Following the release of the country singles, Beyoncé was dragged into a race row after Oklahoma radio station KYKC reportedly refused to play the single. In an email shared on social media, a representative from the station told a fan: “We do not play Beyoncé on KYLC as we are a country music station.”

The fan accused the station of “blatant racism and discrimination” for assuming that Beyoncé couldn’t release country music, before the station U-turned on their decision.

Last week, Roger Harris, a general manager for KYKC, told CBS News that the station had added “Texas Hold ‘Em” to its playlist, and hadn’t originally done so as they were unaware that Beyoncé had released country songs.

Harris added that KYKC doesn’t get “serviced by the big labels like bigger stations do” as it is a small station, and so it didn’t initially have the song to play.

Following the furore, Beyoncé’s mother Tina Knowles hit out at those assuming her daughter didn’t belong in cowboy culture.

“We have always celebrated cowboy culture growing up in Texas. We also always understood that it was not just about it belonging to white culture only,” wrote Knowles on Instagram, sharing a video montage of Beyoncé wearing cowboy hats from across her career.

“In Texas there is a huge Black cowboy culture. Why do you think that my kids have integrated it into their fashion and art since the beginning?

“When people ask why is Beyoncé wearing cowboy hats? It’s really funny, I actually laugh because it’s been there since she was a kid.

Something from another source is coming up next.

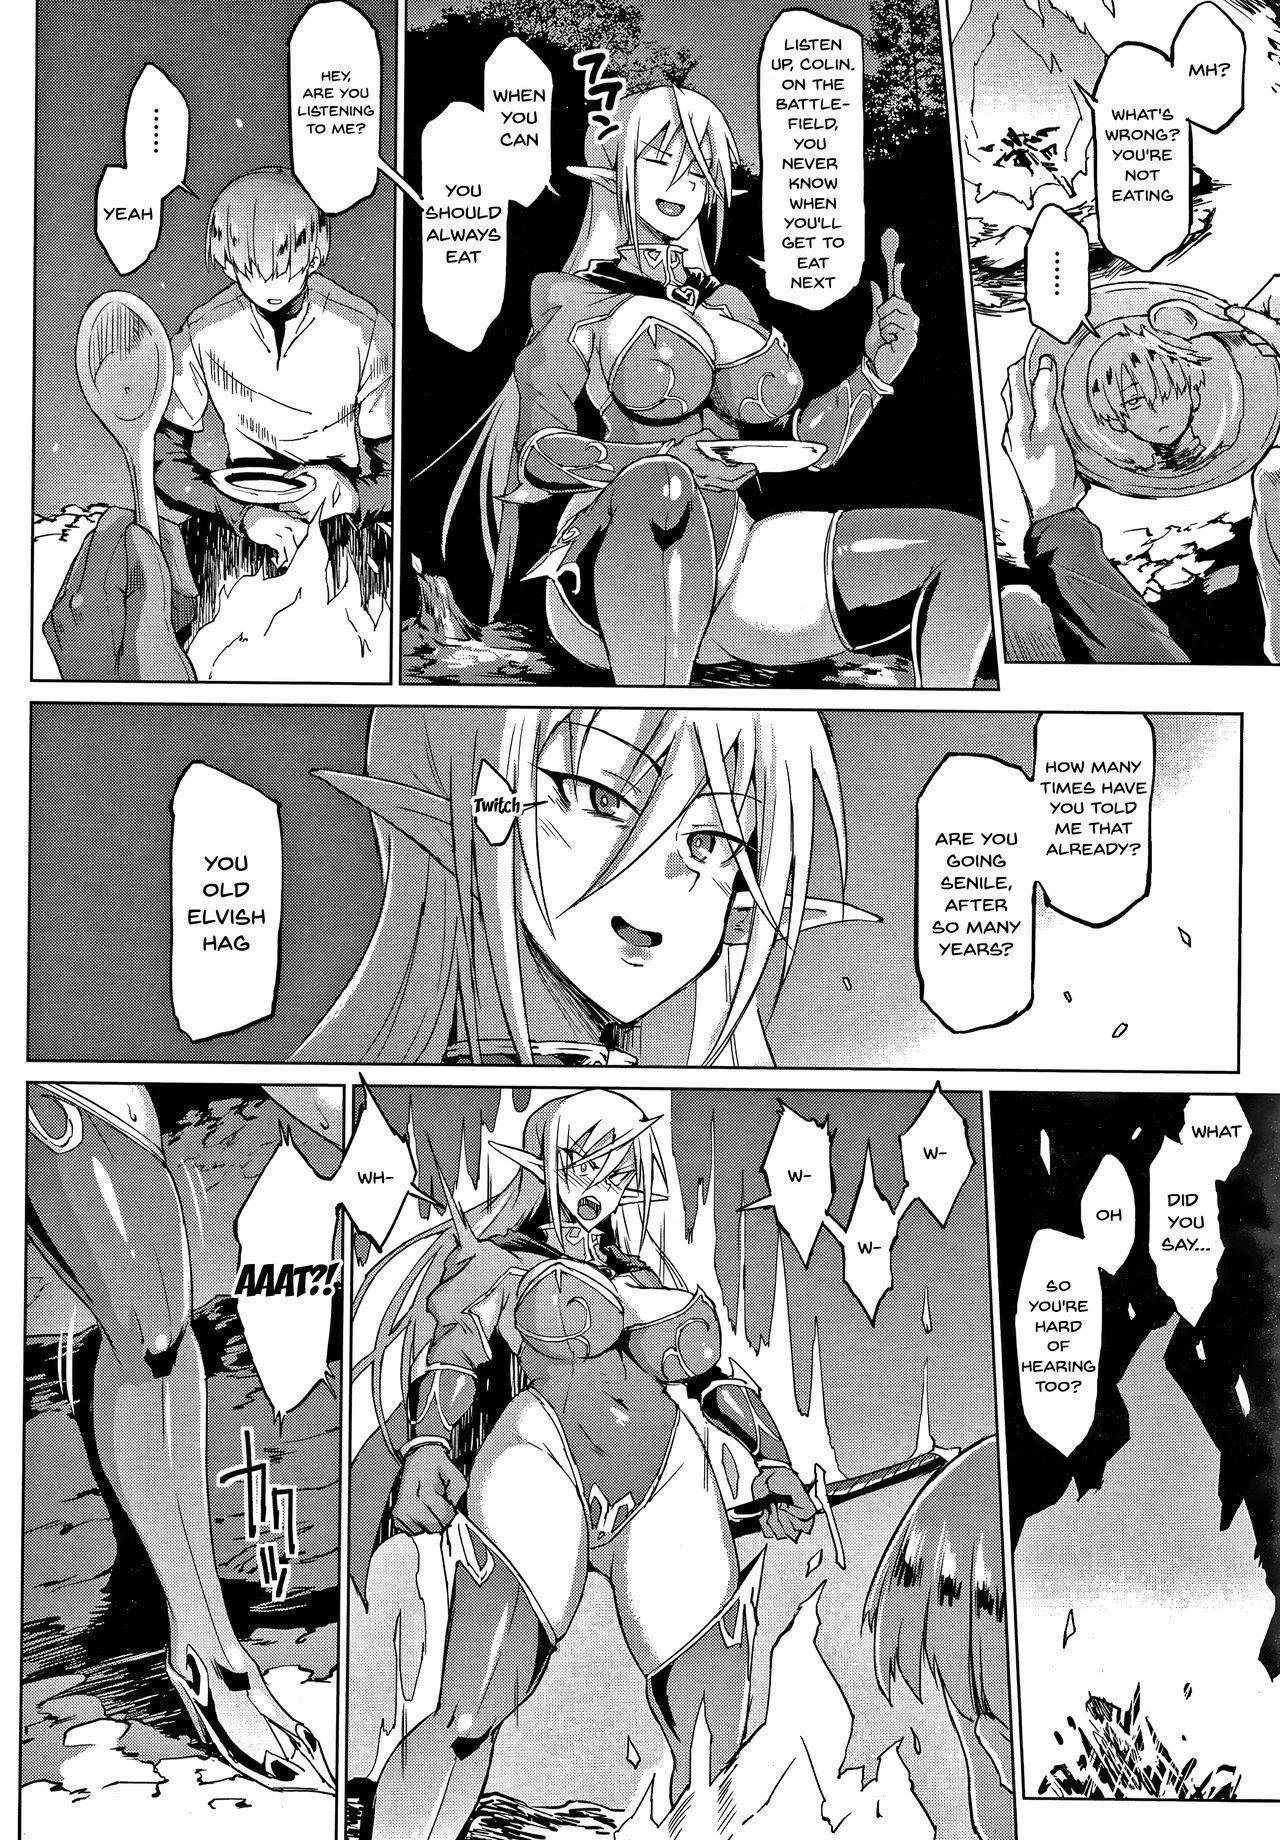 [Fan no Hitori] Sennen Reijou ~My Lady, My Master~  Ch.1-6 [English] {Doujins.com} 8

We went to rodeos every year and my whole family dressed in western fashion… It definitely was a part of our culture growing up.”

ACT II won’t be the first time that the record-smashing artist has branched out into country music, either: her 2016, Grammy-winning album Lemonade features the song “Daddy Lessons”, a song about her relationship with her father, Matthew Knowles.

Beyoncé’s fans are celebrating the iconic musician for making history yet again with “Texas Hold ‘Em”, with one person writing on social media: “I’m really hoping that, as a result of this, all the other Black Country Music musicians are getting more streams and increased airtime for all of their music, too.”

“Happy Black History Month y’all,” wrote a second, as a third simply declared: “YEE-HAW!”